In technical computing, two converging trends at the moment are leading to an increase in data intensity: firstly, the sheer amount of data being collected with the mass deployment of sensor networks and analytical equipment, and secondly, there are larger and more complex simulations across a range of scientific disciplines.
The modern scientist measures everything. Sensors can be placed just about anywhere and everywhere, whether that be under the sea or out in space, to measure any number of criteria – and not just at one point in time, but continuously. This has led to a new scientific approach whereby researchers make discoveries as a result of being able to sift through huge volumes of data, where previously they would determine a theory, and then carry out an experiment to try to prove that theory.
Similarly, the shift to larger and more complex simulations can be found in every discipline. In the life sciences, researchers who once looked at theoretical, small scale sub-systems now find it possible to model entire biological systems or even ecosystems. The same is true in chemistry, with ever more intricate molecular and material simulations, as well as climate science, where complex world-scale simulation has become essential to our understanding of global warming. The volume of data associated with these efforts is growing exponentially.
These trends both point to a research environment that demands fast access to terabytes, and in some cases even petabytes of data.
Certainly the capability of modern compute systems is aiding in the handling of these datasets. However, a recent shift in Moore’s Law, from increasing the clock speeds of processors to increasing the number of compute cores in a system node, has complicated matters. In order to make the best of the available computing power, computational scientists have to distribute their application load across more and more nodes, with each of these nodes carrying more and more compute cores. This means that simulation algorithms need to be rewritten to distribute and then recombine massive sets of decomposed work elements in order to make the best of the modern computing architecture.
The most common approach to tackling the data problem – and the need for memory that this creates – is to use clusters. Typically, this starts with a 2-CPU compute server, linked together with many other 2-CPU compute servers using a network, such as Ethernet or Infiniband. Work is then scaled using this set-up. It’s certainly one of the cheapest methods of accessing multiple nodes, but it does have its restrictions. Notably, one would be restricted to 64GB of total memory in many cases. In the scientific world, that’s not a lot of memory.

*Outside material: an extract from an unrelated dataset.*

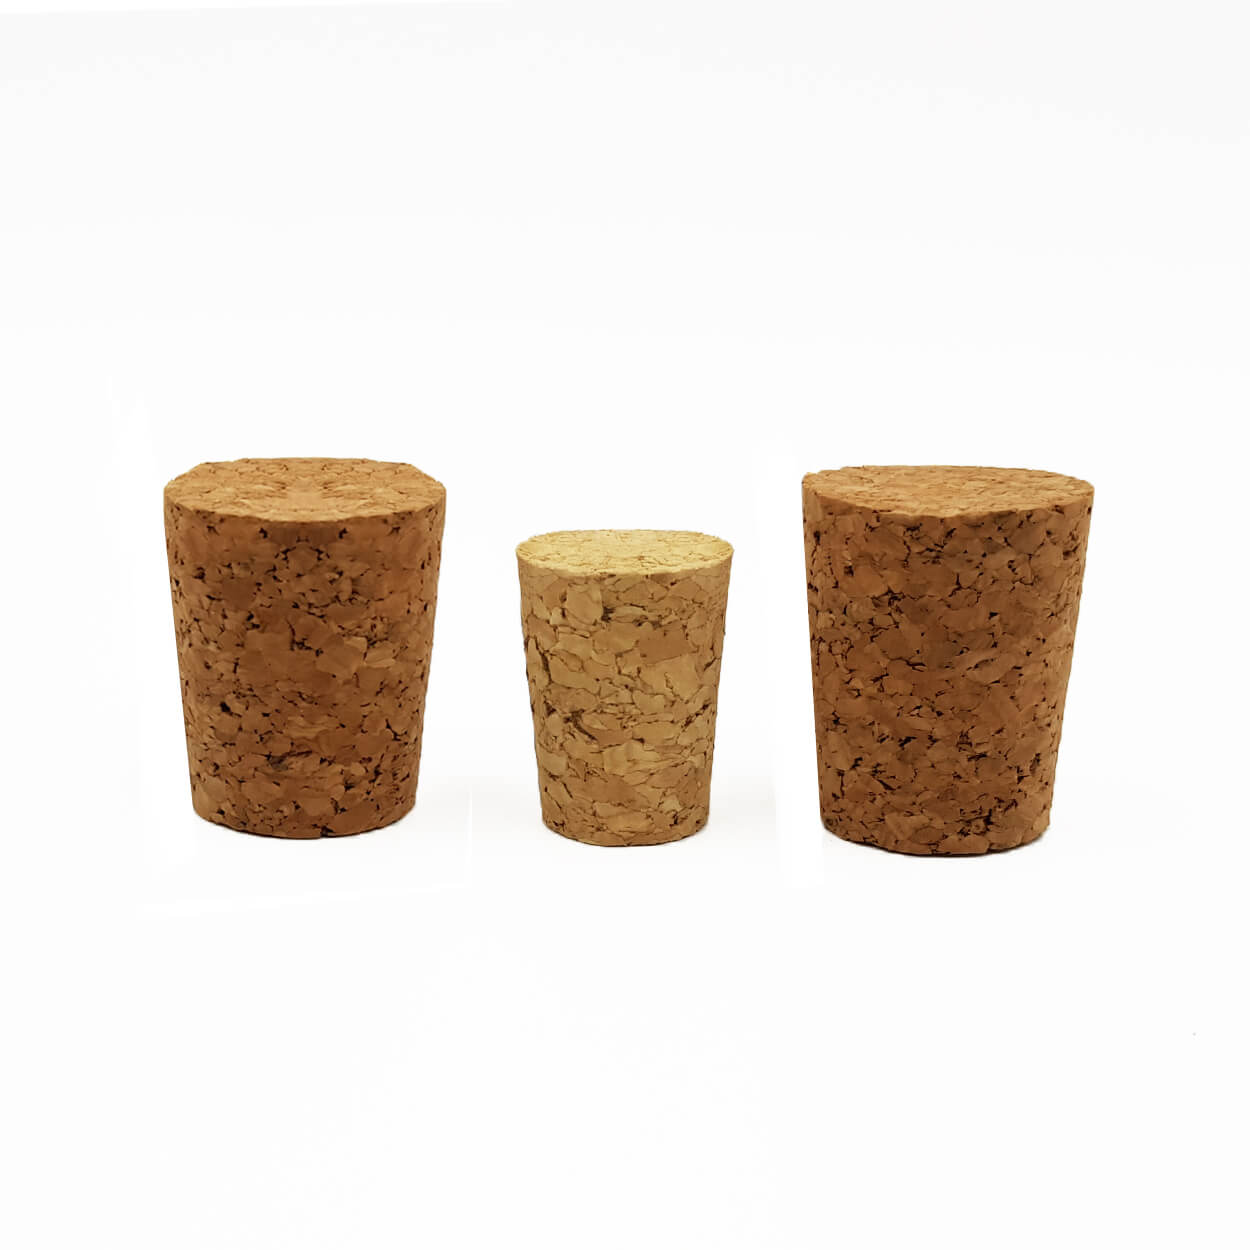 made in Portugal SALE 3 14 inch tapered corks

One can get round this by sending data across multiple nodes, but that becomes difficult to program and can be quite slow for large simulations.

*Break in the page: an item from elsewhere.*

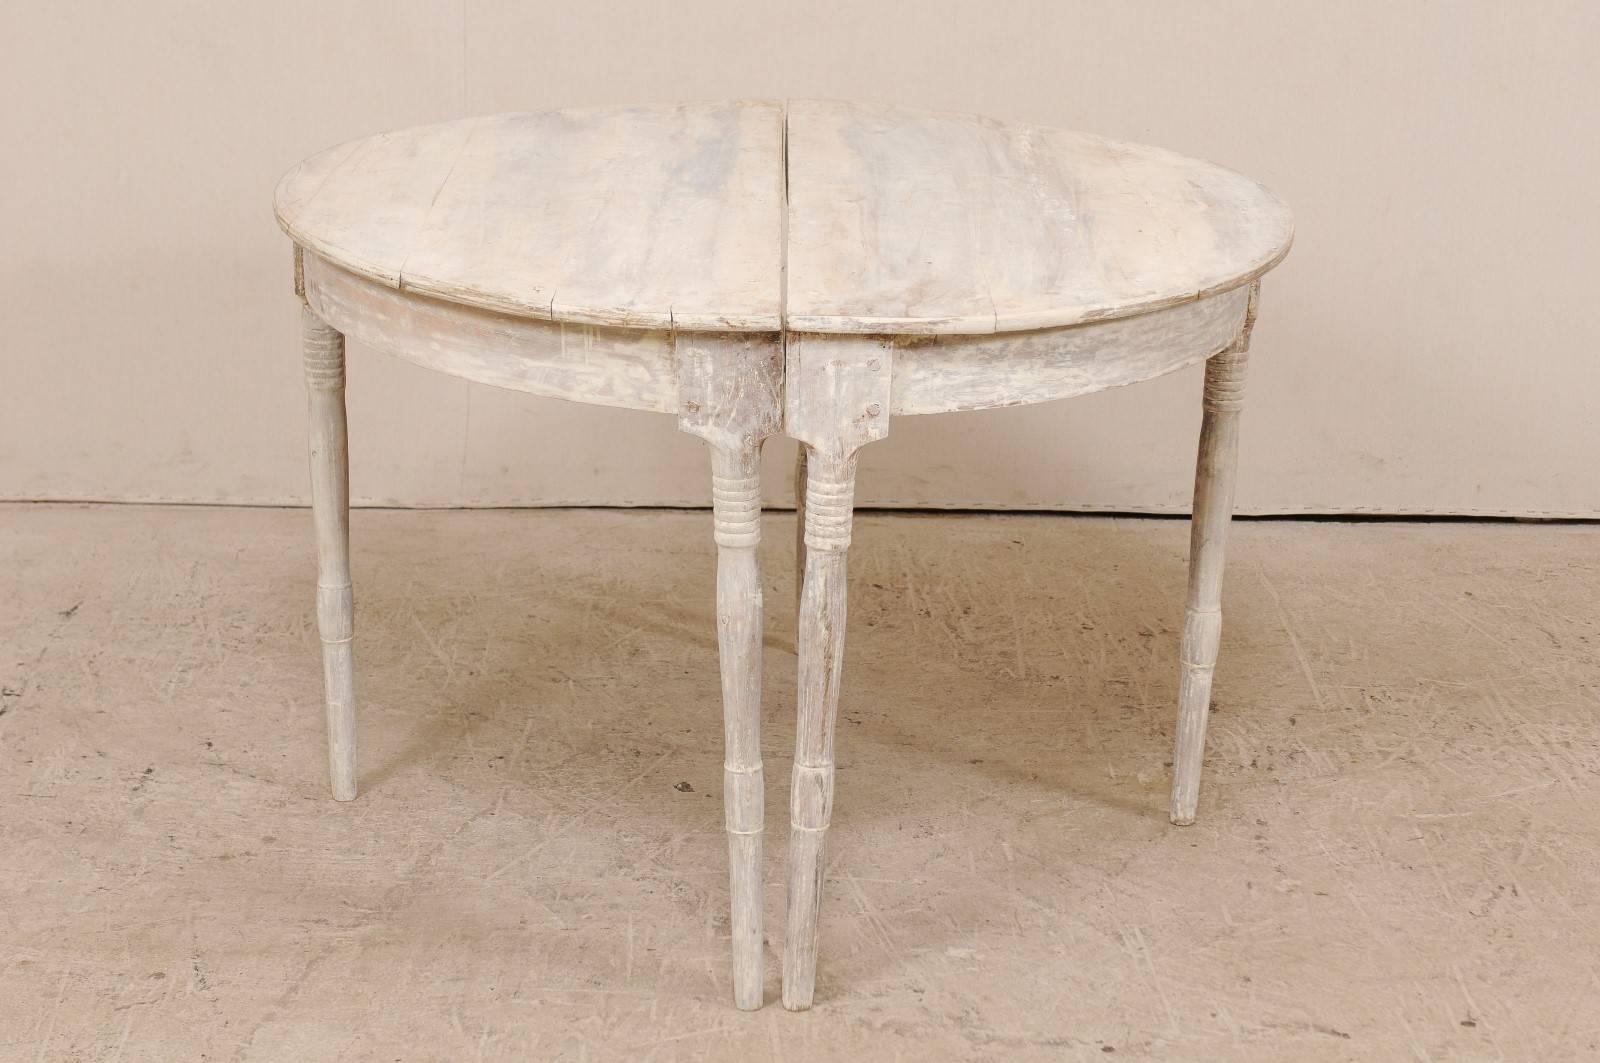 Pair of 19th Century Swedish Demilune Tables in Pale Grey and White Hues 3

Such leaps in volume and complexity of data, coupled with more processors and larger memory, means that commodity systems cannot satisfy all the demands of scientists and engineers. Companies like SGI are bringing their expertise to the fore to develop new approaches to help researchers use computing efficiently.
For us, this means designing a highly scalable system with better connectivity to node and I/O. Effectively, this enables us to create a very large shared memory space that is accessible to one or more users, by knitting together the capabilities of several nodes under one instance of the operating system. And this is done with standard x86 processors and off-the-shelf Linux distributions. With this platform, it is simpler for the user to access huge resources via a familiar OS, without the need for complex communication algorithms. The approach provides significant advantages in performance too as it aggregates up to 16 terabytes of memory and makes it instantly accessible.
This new platform means that scientists can now afford enterprise-class computing capability at the price point and industry standards that they need. They must no longer make do with commodity products when their methods outstrip the capability of those computing platforms. Scientific computing is no longer a niche discipline, and HPC suppliers are beginning to recognise that it is a market that demands dedicated solutions as needs evolve. Shared memory computing is just one example of how we are meeting those needs.